**EXERCISE:** Lines with the string "para" must each be copied from the listing.

★ ★ ★ ★ ★

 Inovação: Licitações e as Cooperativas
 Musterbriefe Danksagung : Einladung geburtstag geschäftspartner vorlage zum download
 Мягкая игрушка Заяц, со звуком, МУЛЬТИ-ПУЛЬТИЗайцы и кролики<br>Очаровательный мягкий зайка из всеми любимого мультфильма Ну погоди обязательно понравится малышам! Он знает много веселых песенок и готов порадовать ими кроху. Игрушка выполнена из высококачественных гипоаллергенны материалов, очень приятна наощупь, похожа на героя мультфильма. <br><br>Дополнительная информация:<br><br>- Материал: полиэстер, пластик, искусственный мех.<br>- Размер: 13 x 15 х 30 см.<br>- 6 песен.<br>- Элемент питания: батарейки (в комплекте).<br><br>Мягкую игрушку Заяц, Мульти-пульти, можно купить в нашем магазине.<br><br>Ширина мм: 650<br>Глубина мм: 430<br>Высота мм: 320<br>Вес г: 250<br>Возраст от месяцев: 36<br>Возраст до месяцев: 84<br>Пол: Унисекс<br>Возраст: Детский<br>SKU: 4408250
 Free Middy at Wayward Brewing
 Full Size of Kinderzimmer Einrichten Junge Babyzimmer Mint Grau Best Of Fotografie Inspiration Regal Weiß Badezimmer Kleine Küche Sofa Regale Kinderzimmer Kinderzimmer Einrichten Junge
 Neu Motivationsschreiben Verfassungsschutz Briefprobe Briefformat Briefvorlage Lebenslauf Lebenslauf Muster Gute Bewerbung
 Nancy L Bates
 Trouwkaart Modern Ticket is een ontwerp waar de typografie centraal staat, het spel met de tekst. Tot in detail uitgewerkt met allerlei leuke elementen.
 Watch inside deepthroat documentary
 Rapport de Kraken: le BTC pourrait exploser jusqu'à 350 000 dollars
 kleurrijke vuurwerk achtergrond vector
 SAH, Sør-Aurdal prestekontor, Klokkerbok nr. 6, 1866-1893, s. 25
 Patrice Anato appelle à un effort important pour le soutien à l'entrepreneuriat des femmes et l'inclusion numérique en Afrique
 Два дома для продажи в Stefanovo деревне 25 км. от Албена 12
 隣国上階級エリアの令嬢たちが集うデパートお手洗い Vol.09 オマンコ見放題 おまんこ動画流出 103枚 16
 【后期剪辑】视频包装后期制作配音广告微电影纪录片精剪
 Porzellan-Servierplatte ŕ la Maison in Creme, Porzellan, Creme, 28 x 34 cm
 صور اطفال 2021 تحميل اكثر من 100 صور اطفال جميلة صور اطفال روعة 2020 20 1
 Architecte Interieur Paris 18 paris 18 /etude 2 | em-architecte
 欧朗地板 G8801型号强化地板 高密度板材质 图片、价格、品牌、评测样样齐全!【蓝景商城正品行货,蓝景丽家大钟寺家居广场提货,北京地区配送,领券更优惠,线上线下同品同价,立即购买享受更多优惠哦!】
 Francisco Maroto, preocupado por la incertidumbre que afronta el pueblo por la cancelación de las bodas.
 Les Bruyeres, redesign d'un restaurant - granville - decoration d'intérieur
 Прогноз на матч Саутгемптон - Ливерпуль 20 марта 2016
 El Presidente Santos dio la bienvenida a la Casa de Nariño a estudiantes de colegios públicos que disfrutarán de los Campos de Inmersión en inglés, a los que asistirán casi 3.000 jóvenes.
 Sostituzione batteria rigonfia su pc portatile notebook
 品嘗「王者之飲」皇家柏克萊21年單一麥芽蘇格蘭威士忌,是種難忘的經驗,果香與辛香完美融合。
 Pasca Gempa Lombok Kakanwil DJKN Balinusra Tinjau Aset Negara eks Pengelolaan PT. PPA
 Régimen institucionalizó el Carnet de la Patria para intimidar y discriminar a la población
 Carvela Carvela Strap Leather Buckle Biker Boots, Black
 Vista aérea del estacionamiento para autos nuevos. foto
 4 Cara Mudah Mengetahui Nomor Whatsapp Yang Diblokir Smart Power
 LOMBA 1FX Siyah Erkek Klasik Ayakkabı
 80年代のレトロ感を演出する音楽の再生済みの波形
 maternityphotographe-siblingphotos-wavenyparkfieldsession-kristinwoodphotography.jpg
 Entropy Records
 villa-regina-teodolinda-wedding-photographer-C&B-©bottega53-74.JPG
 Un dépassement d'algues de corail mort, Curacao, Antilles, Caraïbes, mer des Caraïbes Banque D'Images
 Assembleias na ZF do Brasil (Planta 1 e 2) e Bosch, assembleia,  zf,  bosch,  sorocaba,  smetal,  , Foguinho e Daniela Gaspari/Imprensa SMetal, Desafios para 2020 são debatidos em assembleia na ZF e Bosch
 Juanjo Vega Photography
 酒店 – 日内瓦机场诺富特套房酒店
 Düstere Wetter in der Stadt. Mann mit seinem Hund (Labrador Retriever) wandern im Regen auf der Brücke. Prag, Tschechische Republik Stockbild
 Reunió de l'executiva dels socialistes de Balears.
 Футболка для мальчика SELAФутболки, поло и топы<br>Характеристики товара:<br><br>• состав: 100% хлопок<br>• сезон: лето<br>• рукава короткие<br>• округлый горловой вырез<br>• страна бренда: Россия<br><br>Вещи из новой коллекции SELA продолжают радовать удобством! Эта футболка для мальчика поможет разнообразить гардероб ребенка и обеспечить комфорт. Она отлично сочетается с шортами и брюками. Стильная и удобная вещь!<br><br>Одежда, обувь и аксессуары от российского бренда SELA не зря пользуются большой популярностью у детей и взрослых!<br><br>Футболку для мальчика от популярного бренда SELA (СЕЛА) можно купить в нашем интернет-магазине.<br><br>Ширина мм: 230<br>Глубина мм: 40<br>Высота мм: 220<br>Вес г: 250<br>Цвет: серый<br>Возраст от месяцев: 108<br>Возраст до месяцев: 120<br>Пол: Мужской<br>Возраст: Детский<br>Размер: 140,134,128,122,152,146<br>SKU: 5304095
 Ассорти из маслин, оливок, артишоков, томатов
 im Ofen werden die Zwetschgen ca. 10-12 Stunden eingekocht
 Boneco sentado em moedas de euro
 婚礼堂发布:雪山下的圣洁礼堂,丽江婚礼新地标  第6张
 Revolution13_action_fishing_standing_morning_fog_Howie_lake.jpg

★ ★ ★ ★ ★

**OUTPUT BELOW:**
 Régimen institucionalizó el Carnet de la Patria para intimidar y discriminar a la población
 Vista aérea del estacionamiento para autos nuevos. foto
 Assembleias na ZF do Brasil (Planta 1 e 2) e Bosch, assembleia,  zf,  bosch,  sorocaba,  smetal,  , Foguinho e Daniela Gaspari/Imprensa SMetal, Desafios para 2020 são debatidos em assembleia na ZF e Bosch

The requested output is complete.